First-ever proposed octopus farm raises concerns over conditions

An octopus in the Mediterranean Sea.
Kurt AMSLER/Gamma-Rapho via Getty Images

  • A commercial octopus farming project has sparked outrage from experts and animal rights activists.
  • The farm slaughtered about a million octopuses each year by submerging them in ice water.
  • “It would be very cruel and should not be allowed,” Dr Peter Tse told the BBC.

A commercial octopus farming project in Spain has sparked outrage after a leaked plan suggested the operator intended to kill up to a million animals a year by submerging them, alive, in ice water.

Companies have struggled for years to produce octopus on a commercial scale in captivity, citing growing demand and pressure to find more sustainable alternatives to fishing. But critics argue the creatures are far too intelligent – ​​and capable of feeling pain – to be bred for food in confined quarters.

The proposed farm at issue is said to be based in Spain’s Canary Islands and run by Nueva Pescanova, a seafood company that boasted in 2019 that it had succeeded not only in breeding octopuses in captivity but, for the first time, in breeding them. reproduce.

“We will continue to research how to continue to improve the well-being of octopuses, by studying and replicating their natural habitat, in the hope of being able to sell aquaculture octopuses from the year 2023,” he said. then CEO Ignacio González.

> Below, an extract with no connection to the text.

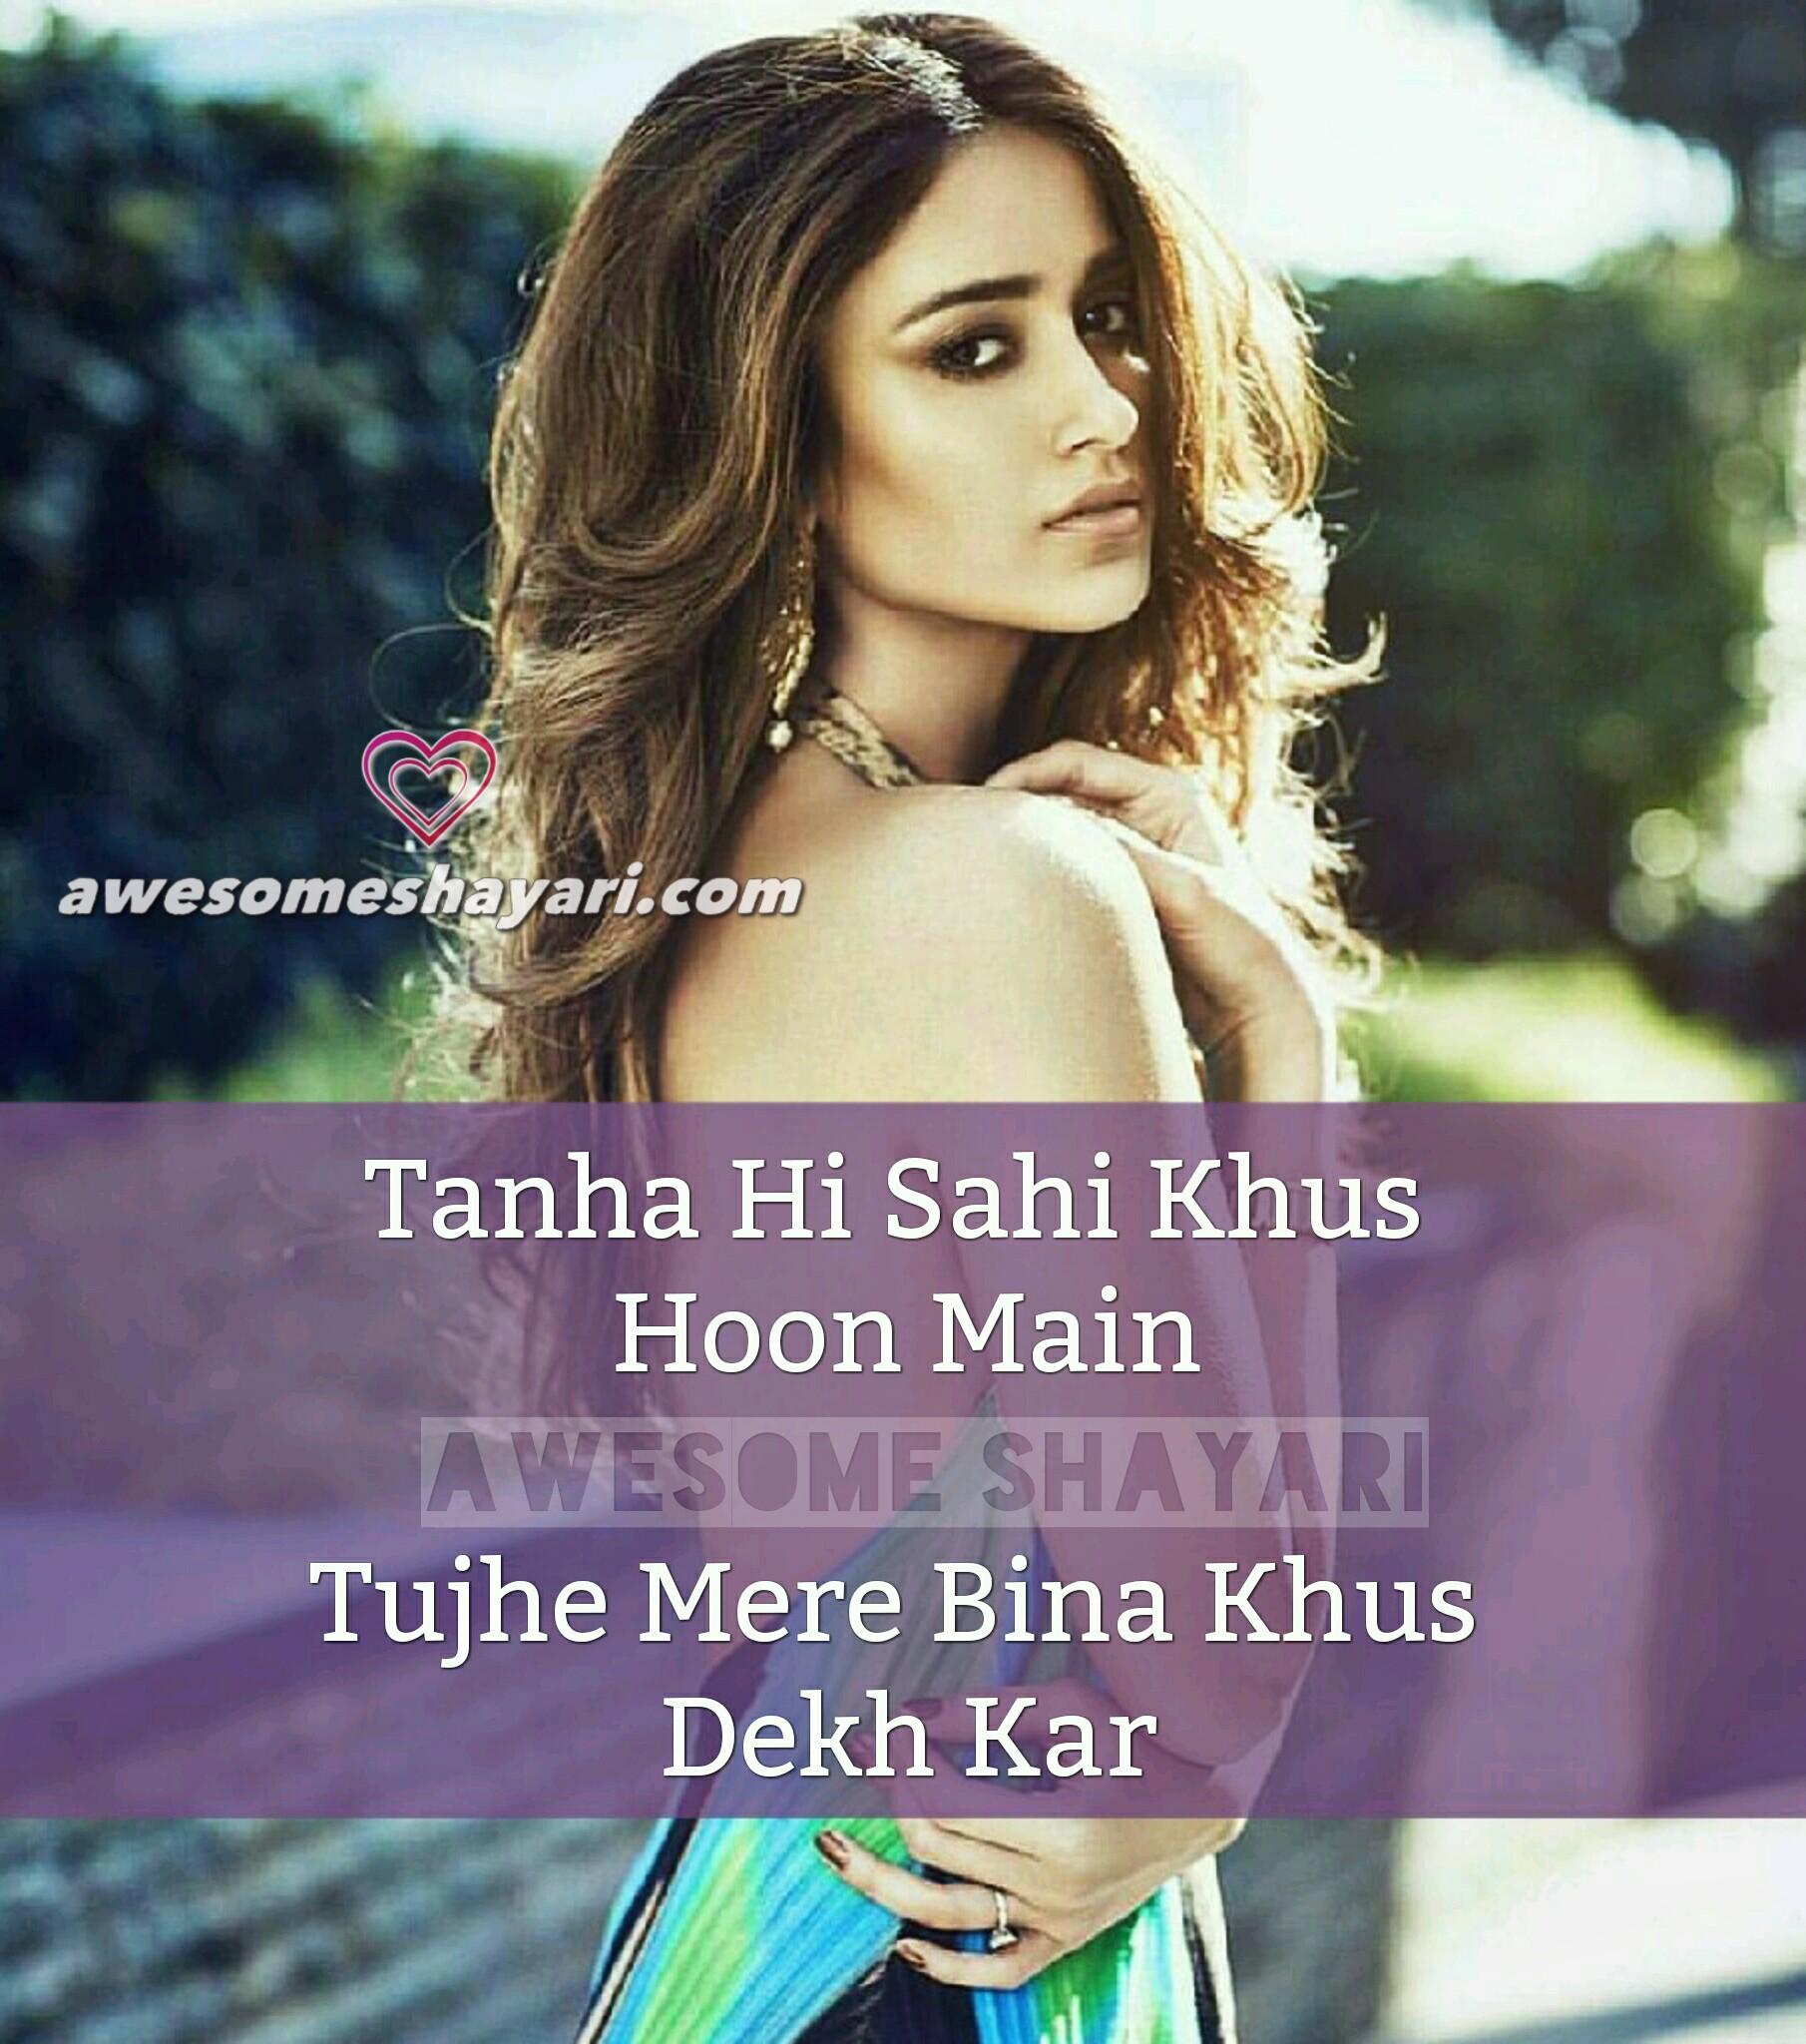 Tanha Shayari

But campaigners from Eurogroup for Animals, an activist group, say documents they have obtained – and shared with the BBC – show the proposed factory would subject octopuses to torture conditions and a long death and painful.

In a report on Thursday, the activist group said Nueva Pescanova plans to slaughter around one million octopuses each year by submerging them in freezing “ice mud”. Furthermore, he criticizes the conditions in which they will be kept before slaughter, saying that the company intends to cage a solitary creature in dense housing – up to 15 octopuses per cubic meter of water – and subjecting them to 24-hour light periods. in order to speed up reproduction.

“It will inflict unnecessary suffering on these intelligent, sensitive and fascinating creatures, which must explore and interact with the environment as part of their natural behavior,” said Elena Lara, head of research at the Compassion in World Farming group. , in a press release.

Nueva Pescanova did not respond to Insider’s request for comment. But in a statement to the BBC, the company said it had high standards which ensure “the correct handling of animals”. In particular, he said, the slaughter of octopuses “involves proper handling that avoids any pain or suffering to the animal”.

However, experts disagree that immersing live animals in ice water is a pleasant solution.

“Killing them with ice would be a slow death,” Dr Peter Tse, who studies octopus cognition at Dartmouth, told the BBC. “That would be very cruel and should not be allowed.”

In an open letter last year, before specific details of the proposed plant were published, a group of New York University environmental scientists specializing in animal susceptibility argued that it is not possible to humanely raise octopuses in captivity on a commercial scale – and indeed could cause not only pollution, through the release of contaminated waters, but also cannibalism in animals that have actually been driven mad.

“Beyond environmental and health concerns, octopuses are capable of observational learning, have individual personalities, play, and are able to problem solve, deceive, and hunt between species,” the scientists wrote.